**WORK ITEM**
In your copy of the data, omit the pictures and keep all else exactly as given.

**SOURCE MATERIAL**

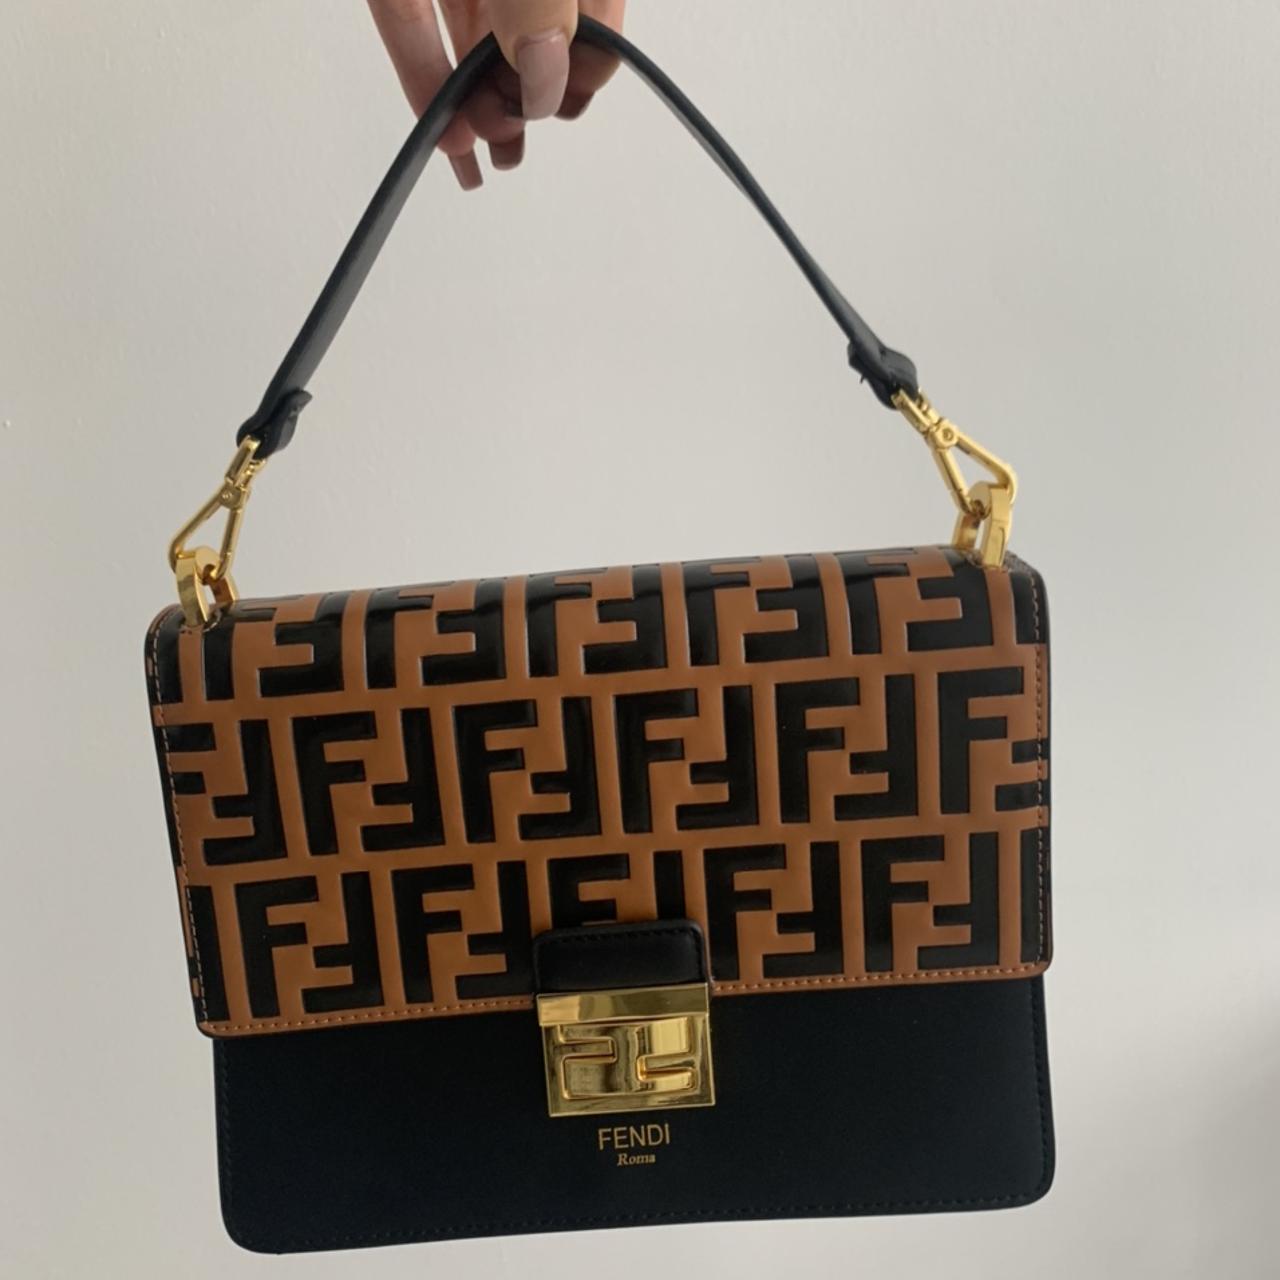 Fendi bag PRICE REDUCED Comes with two straps as... - Depop
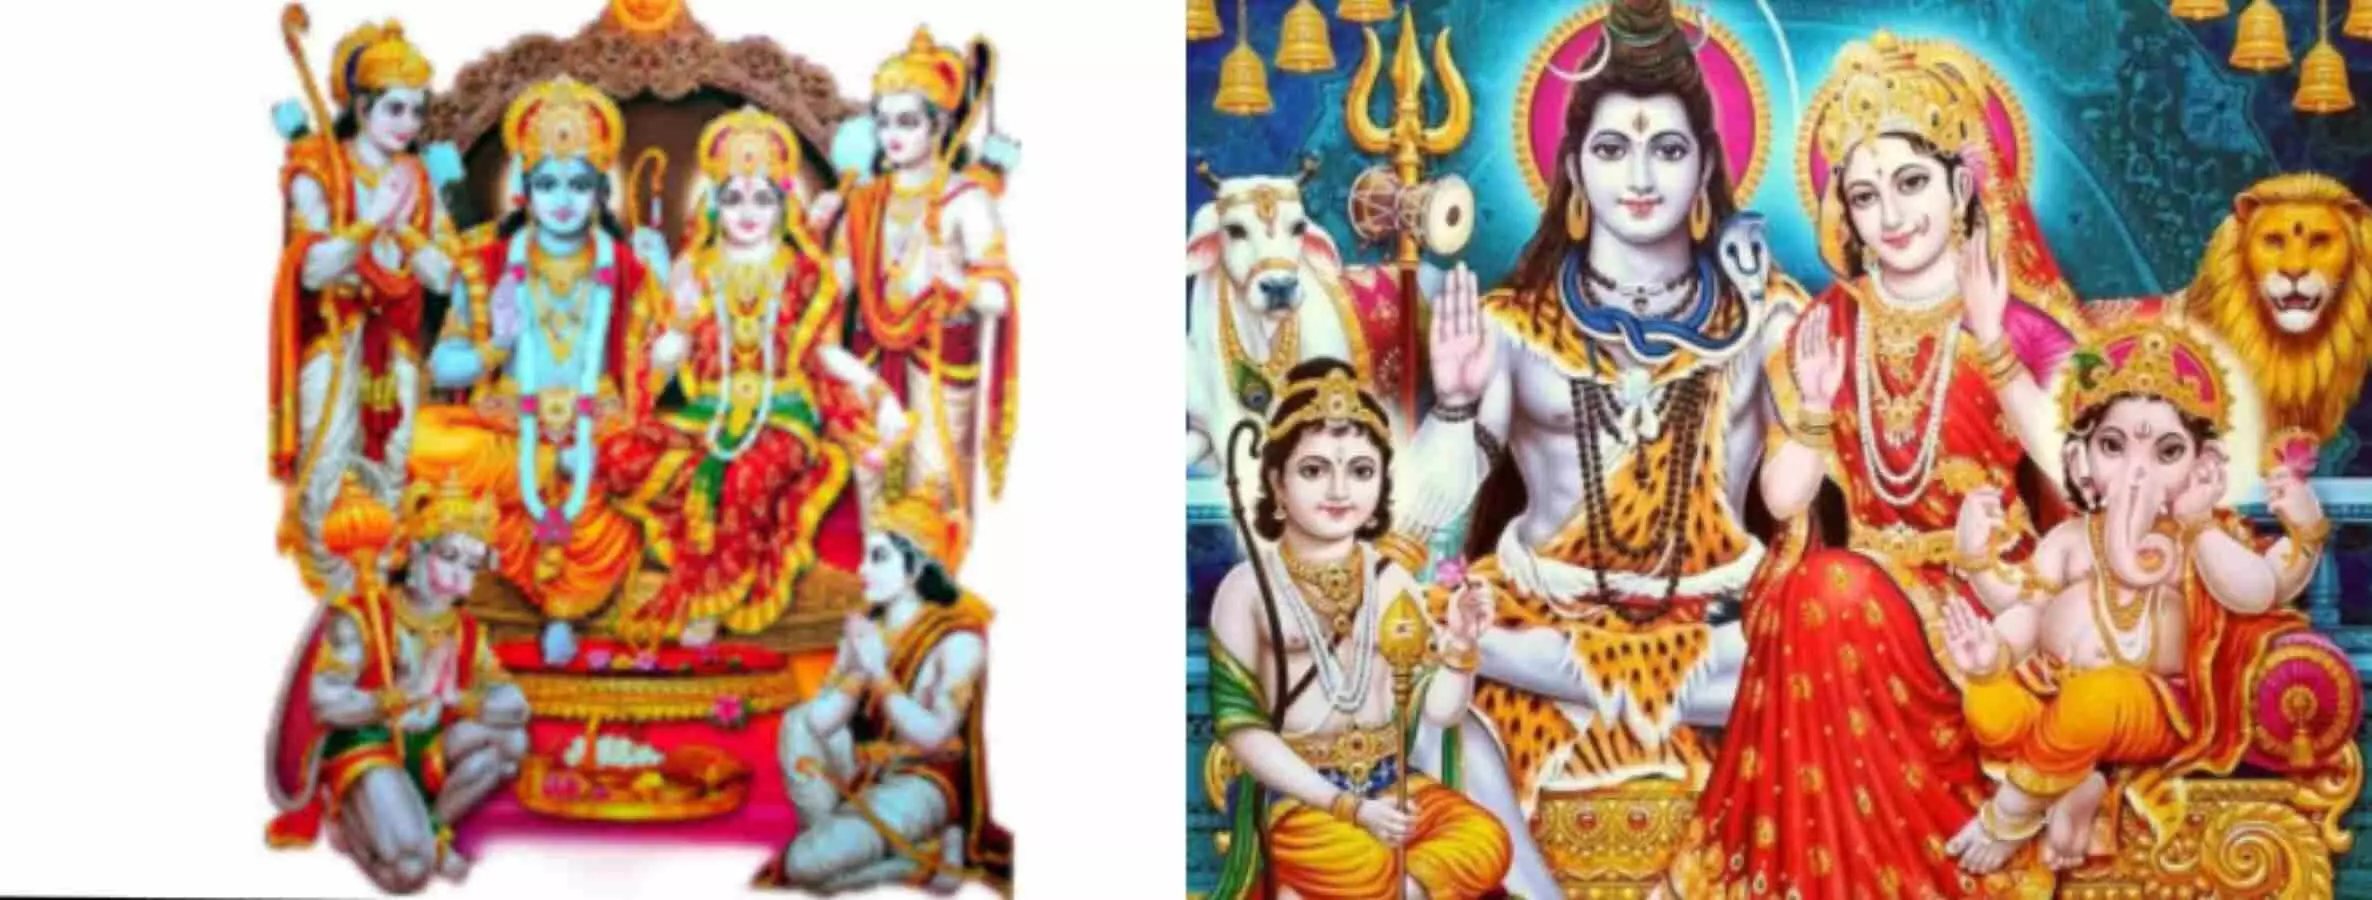 Lord Shiva and Family
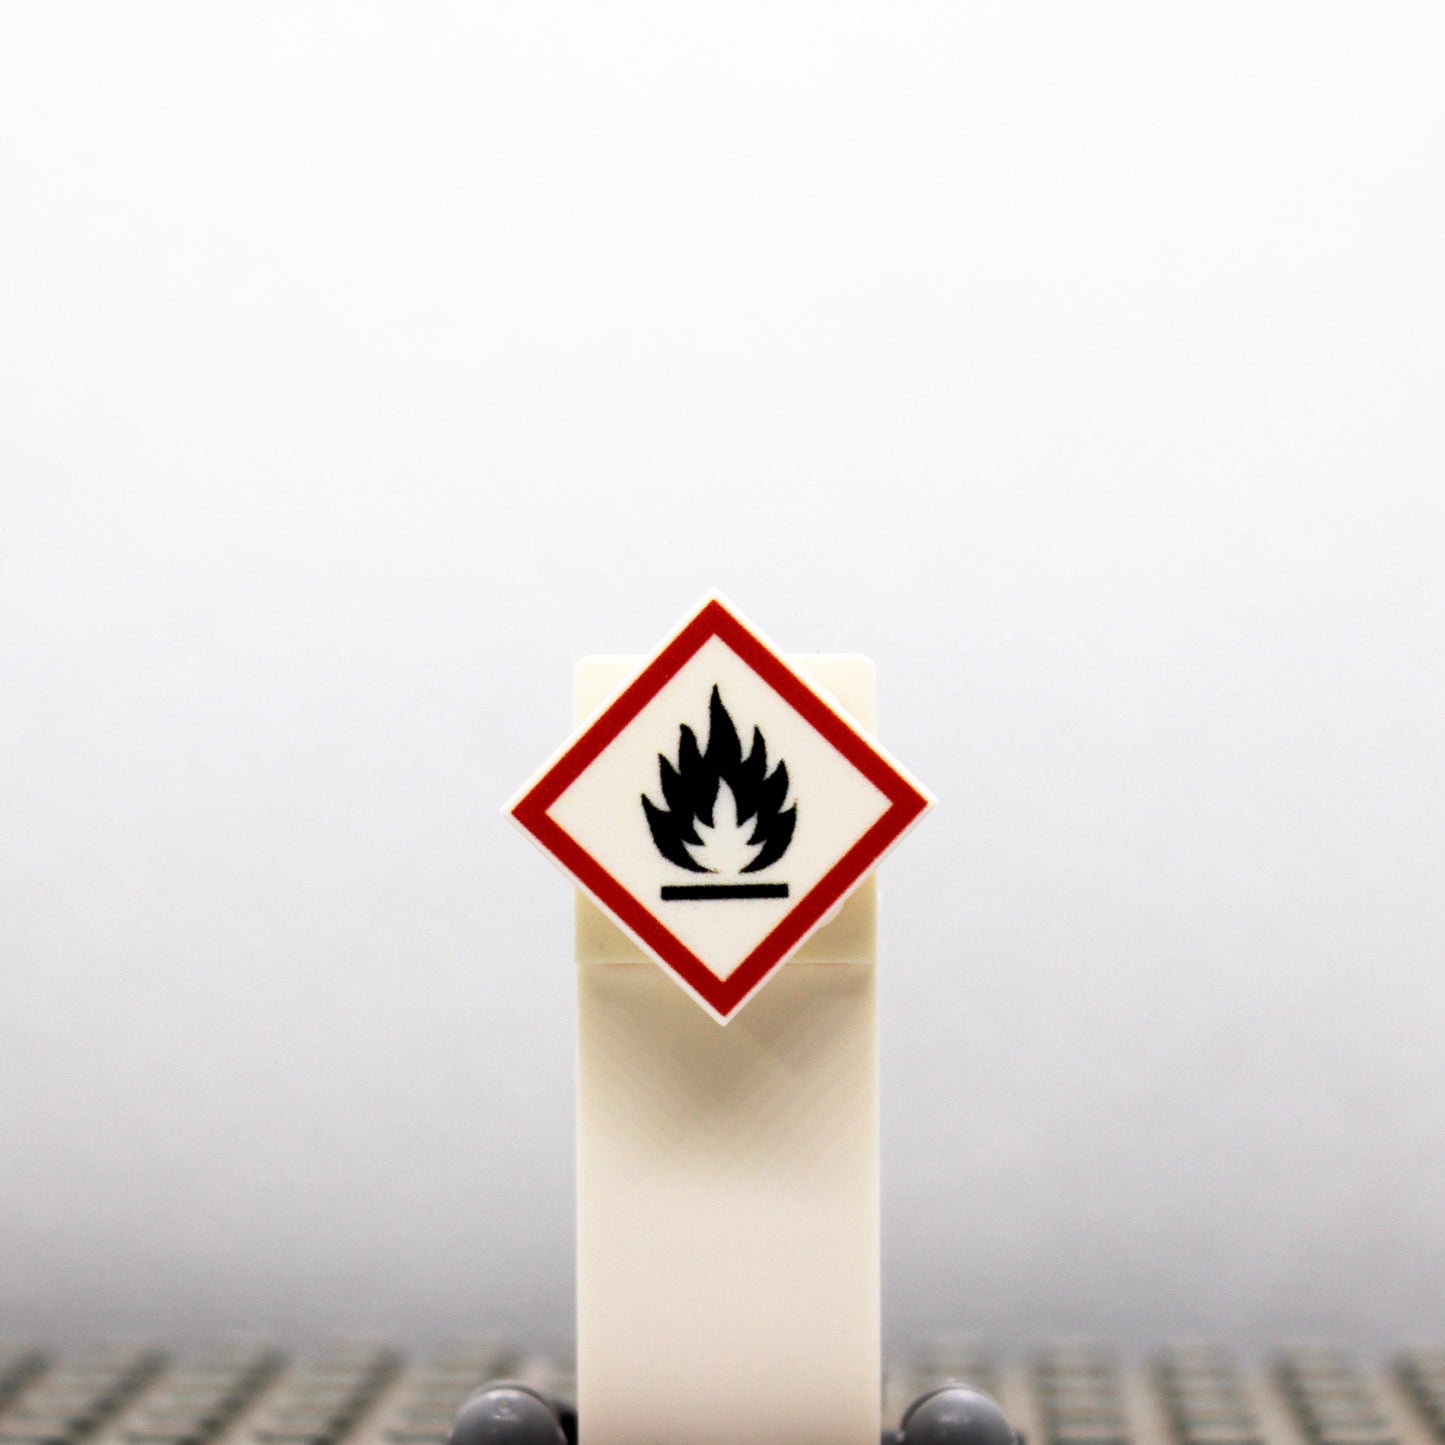 "GHS highly flammable" 2x2 tile
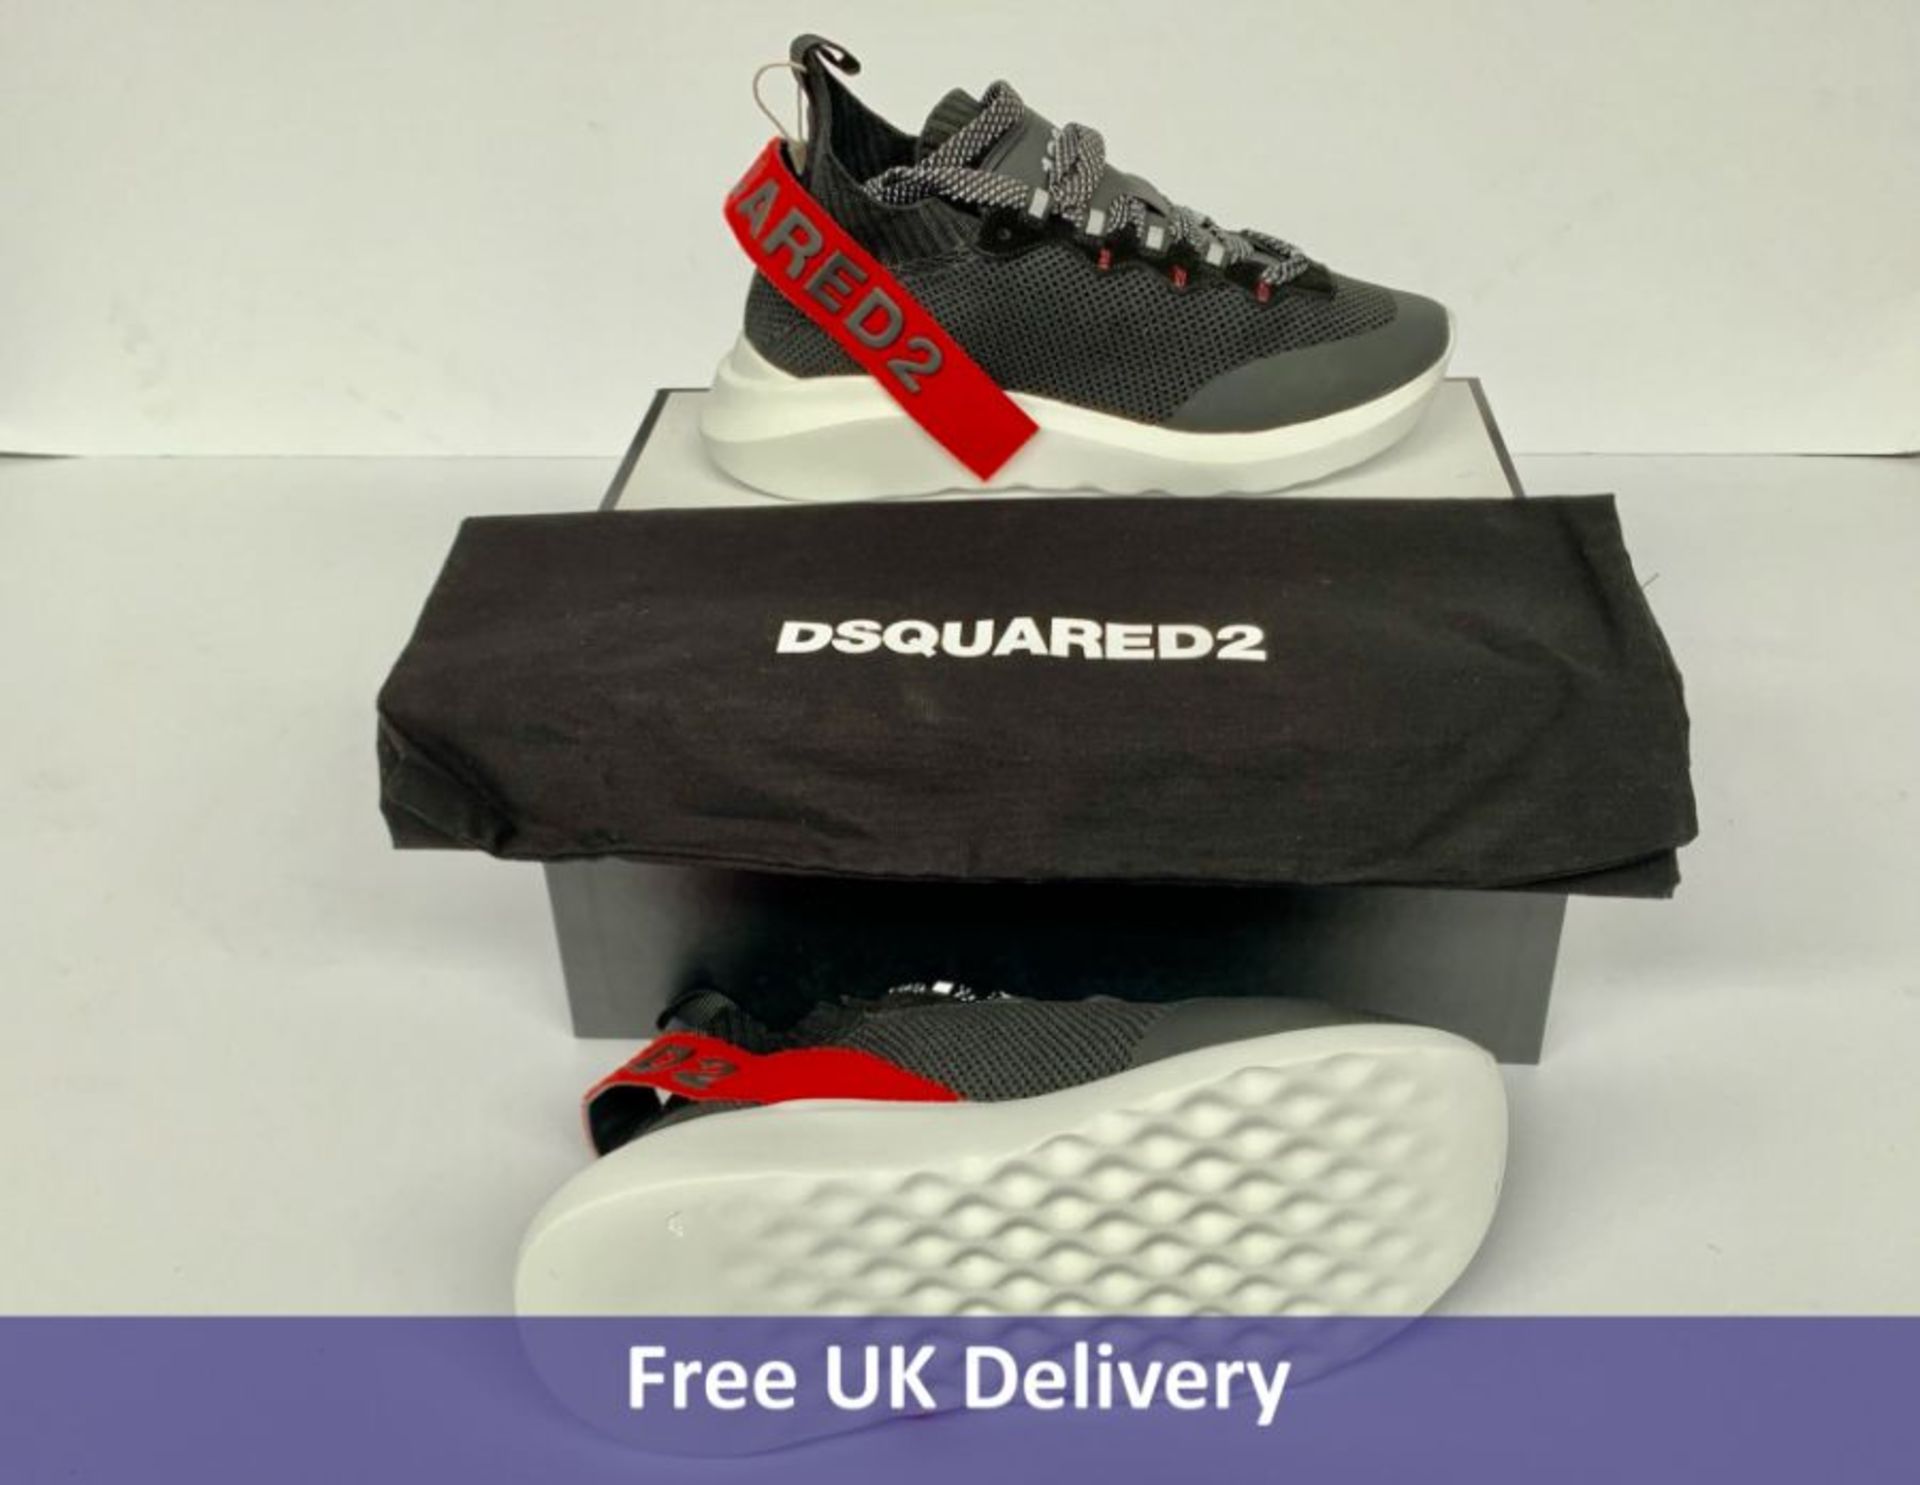 DSquared2 Lace Up Low Top Sneakers, Black and Red, EU 40

**OUTPUT FOR THIS TASK**
 Fendi bag PRICE REDUCED Comes with two straps as... - Depop
 Lord Shiva and Family
 "GHS highly flammable" 2x2 tile
 DSquared2 Lace Up Low Top Sneakers, Black and Red, EU 40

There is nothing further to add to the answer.